The hero was the veriest chameleon, inasmuch as he took his colour from the last book Miss Sleaford had been reading. Sometimes he was Ernest Maltravers, the exquisite young aristocrat, with violet eyes and silken hair. Sometimes he was Eugene Aram, dark, gloomy, and intellectual, with that awkward little matter of Mr. Clarke's murder preying upon his mind. At another time he was Steerforth, selfish and haughty and elegant, Sometimes, when the orphans were asleep. Miss Sleaford let down her long black hair before the little looking-glass, and acted to herself in a whisper. She saw her pale face, awful in the dusky glass, her lifted arms, her great black eyes, and she fancied herself dominating a terror-stricken pit. Sometimes she thought of leaving friendly Mr. Raymond, and going up to London with a five-pound note in her pocket, and coming out at one of the theatres as a tragic actress. She would go to the manager, and tell him that she wanted to act. There might be a little difficulty at first, perhaps, and he would be rather inclined to be doubtful of her powers; but then she would take off her bonnet, and let down her hair, and would draw the long tresses wildly through her thin white fingers – so; she stopped to look at herself in the glass as she did it, – and would cry, "I am not mad; this hair I tear is mine!" and the thing would be done. The manager would exclaim, "Indeed, my dear young lady, I was not prepared for such acting as this. Excuse my emotion; but really, since the days of Miss O'Neil, I don't remember to have witnessed anything to equal your delivery of that speech. Come to-morrow evening and play Constance. You don't want a rehearsal? – no, of course not; you know every syllable of the part. I shall take the liberty of offering you fifty pounds a night to begin with, and I shall place one of my carriages at your disposal." Isabel had read a good many novels in which timid young heroines essay their histrionic powers, but she had never read of a dramatically-disposed heroine who had not burst forth a full-blown Mrs.
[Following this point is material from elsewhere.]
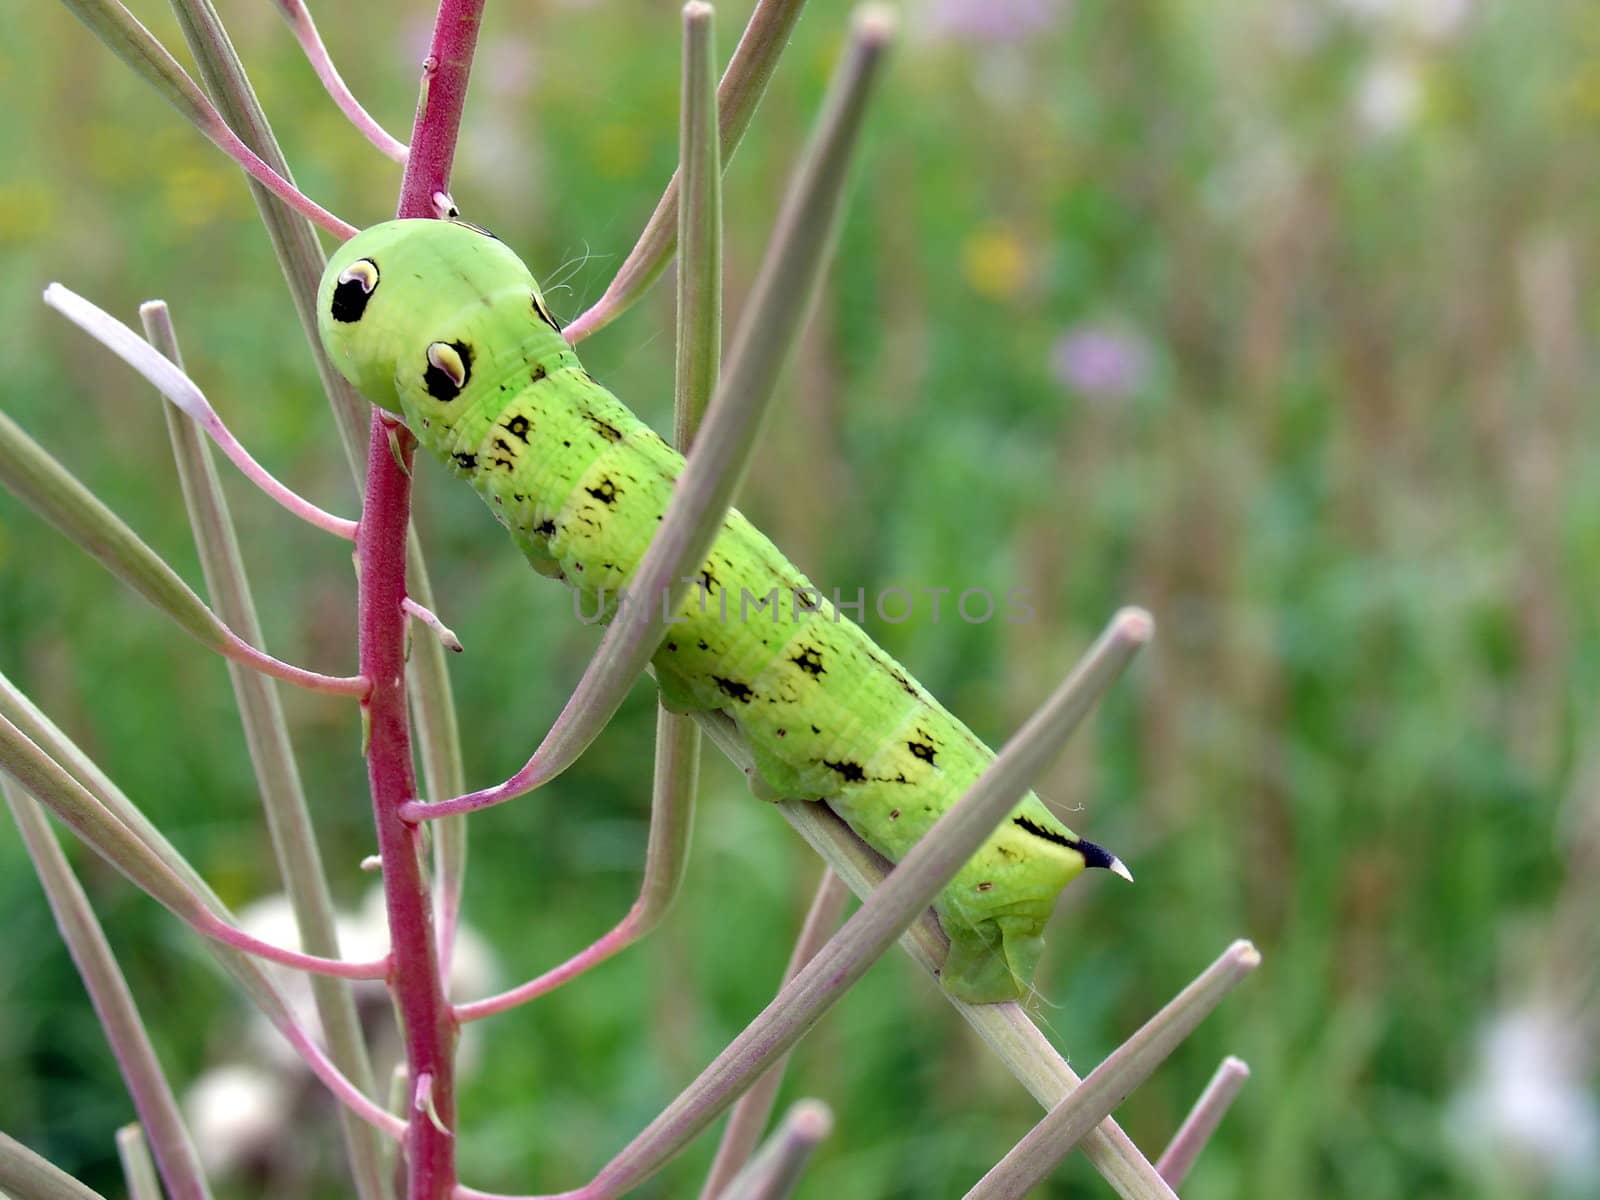 Unusual green caterpillar on the red plant

Siddons without so much as the ordeal of a rehearsal.
Sometimes Miss Sleaford thought that her Destiny – she clung to the idea that she had a destiny – designed her to be a poet, an L.E.L.; oh, above all she would have chosen to be L.E.L.; and in the evening, when she had looked over the children's copy-books, and practised a new style of capital B, in order to infuse a dash of variety into the next day's studies, she drew the candles nearer to her, and posed herself, and dipped her pen into the ink, and began to pour forth some melancholy plaint upon the lonely blankness of her life, or some vague invocation of the unknown prince. She rarely finished either the plaint or the invocation, for there was generally some rhythmical difficulty that brought her poetic musings to a dead lock; but she began a great many verses, and spoiled several quires of paper with abortive sonnets, in which "stars" and "streamlets," "dreams" and "fountains," recurred with a frequency which was inimical to originality or variety of style.
The poor lonely untaught child looked right and left for some anchorage on the blank sea of life, and could find nothing but floating masses of ocean verdure, that drifted her here and there at the wild will of all the winds of heaven. Behind her there was a past that she dared not look back upon or remember; before her lay the unknown future, wrapped in mysterious shadow, grand by reason of its obscurity. She was eager to push onward, to pierce the solemn veil, to tear aside the misty curtain, to penetrate the innermost chamber of the temple.